Sólo eran cuatro, según calculaba Eddie, y el capitán suponía que también ellos se habían separado de una unidad mayor y, como ocurre con frecuencia en la guerra de verdad, se las iban arreglando día a día. Tenían caras demacradas y huesudas, con negros rebujos de pelo. Uno parecía demasiado joven para ser soldado. Otro tenía los dientes más torcidos que Eddie había visto en su vida. El capitán los llamaba Loco Primero, Loco Segundo, Loco Tercero y Loco Cuarto.
—Nosotros no sabemos cómo se llaman —dijo—. Y no queremos que ellos sepan cómo nos llamamos nosotros.

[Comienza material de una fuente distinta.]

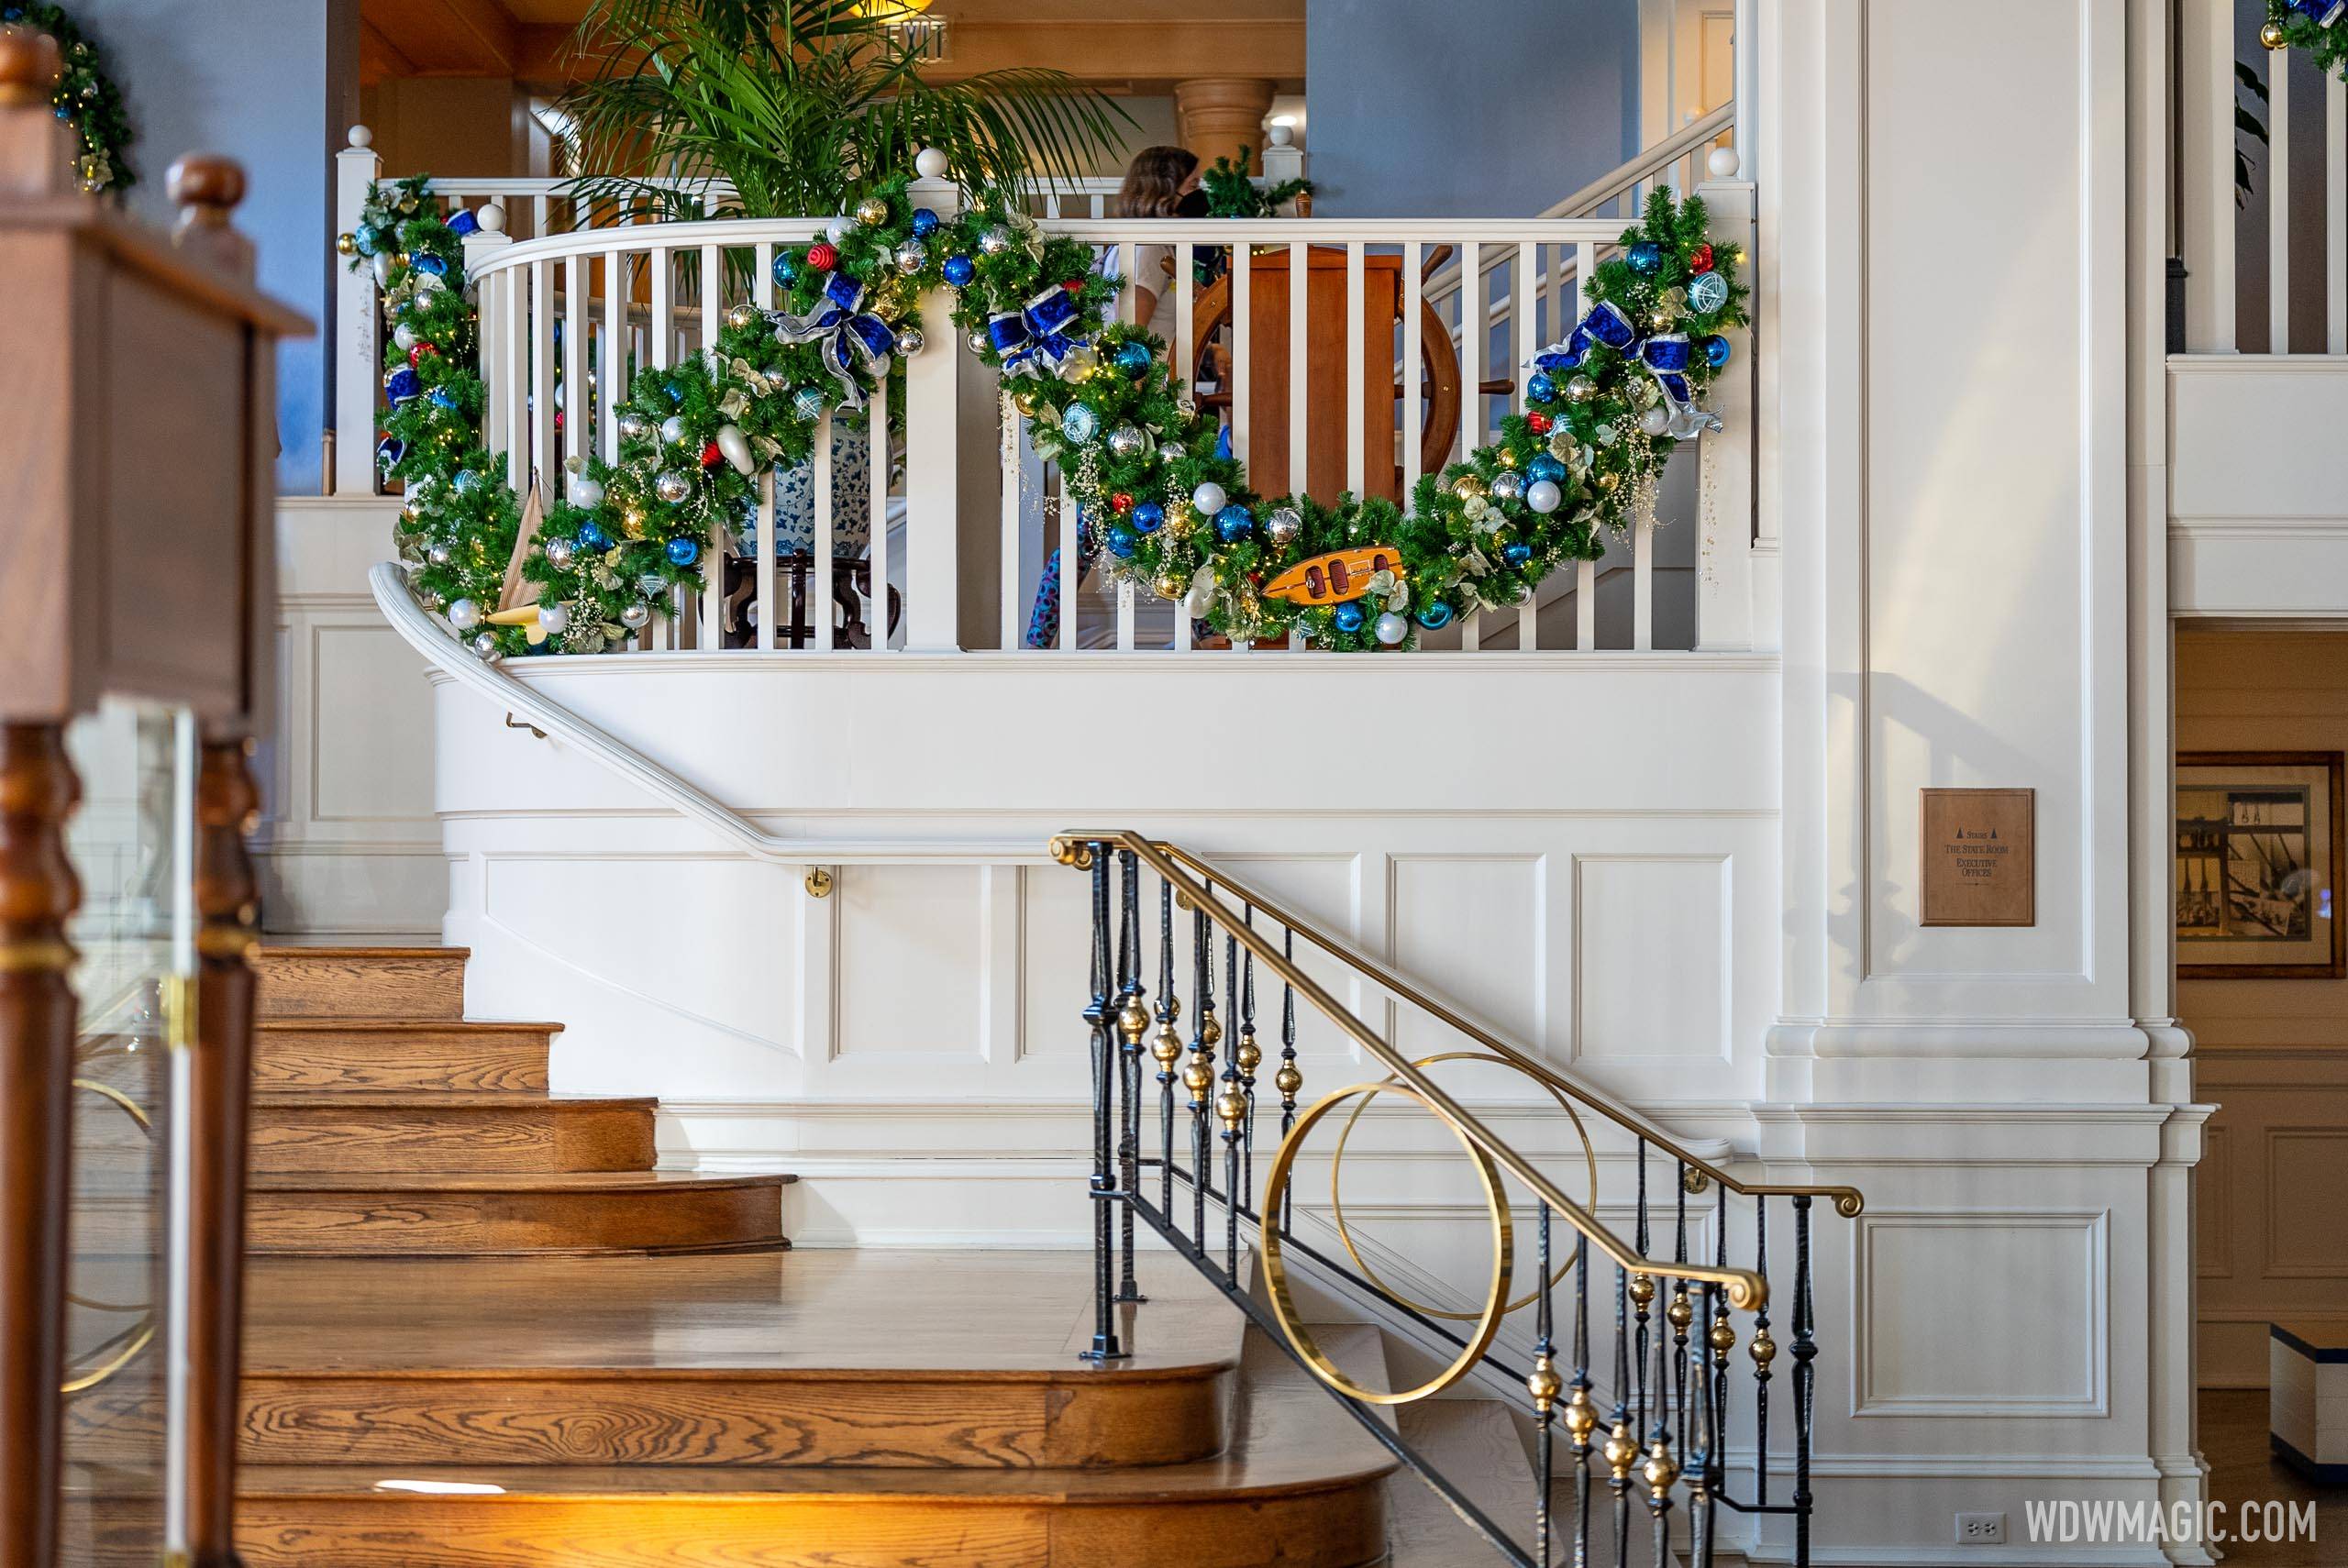 Yacht Club staircase dressed for the holiday

Los hombres se adaptan al cautiverio; unos mejor que otros. Morton, un joven delgado y parlanchín de Chicago, se ponía muy nervioso cada vez que oía ruidos fuera, y se pasaba la mano por la barbilla y murmuraba:
—Maldita sea, maldita sea, maldita sea… —hasta que los demás le decían que se callase.
Smitty, hijo de un bombero de Brooklyn, estaba callado la mayor parte del tiempo, pero a veces parecía que tragaba algo, y la nuez le subía y le bajaba; Eddie se enteró más tarde de que se mordía la lengua. Rabozzo, el chico pelirrojo de Portland (Oregón), tenía cara de póquer durante las horas en que estaba despierto, pero de noche muchas veces se despertaba gritando:
—¡Yo no! ¡Yo no!
Eddie estaba la mayor parte del tiempo furioso. Apretaba un puño y lo golpeaba contra la otra palma, horas interminables, despellejándose los nudillos, como el jugador de béisbol ansioso que había sido en su juventud. De noche soñaba con que volvía al parque de atracciones y se subía en los caballitos, donde cinco clientes daban vueltas hasta que sonaba la campana. Él daba unas vueltas gratis a sus amigos, o a su hermano, o a Marguerite. Pero luego el sueño cambiaba, y los cuatro Locos estaban en los caballos de al lado, pinchándole, burlándose de él.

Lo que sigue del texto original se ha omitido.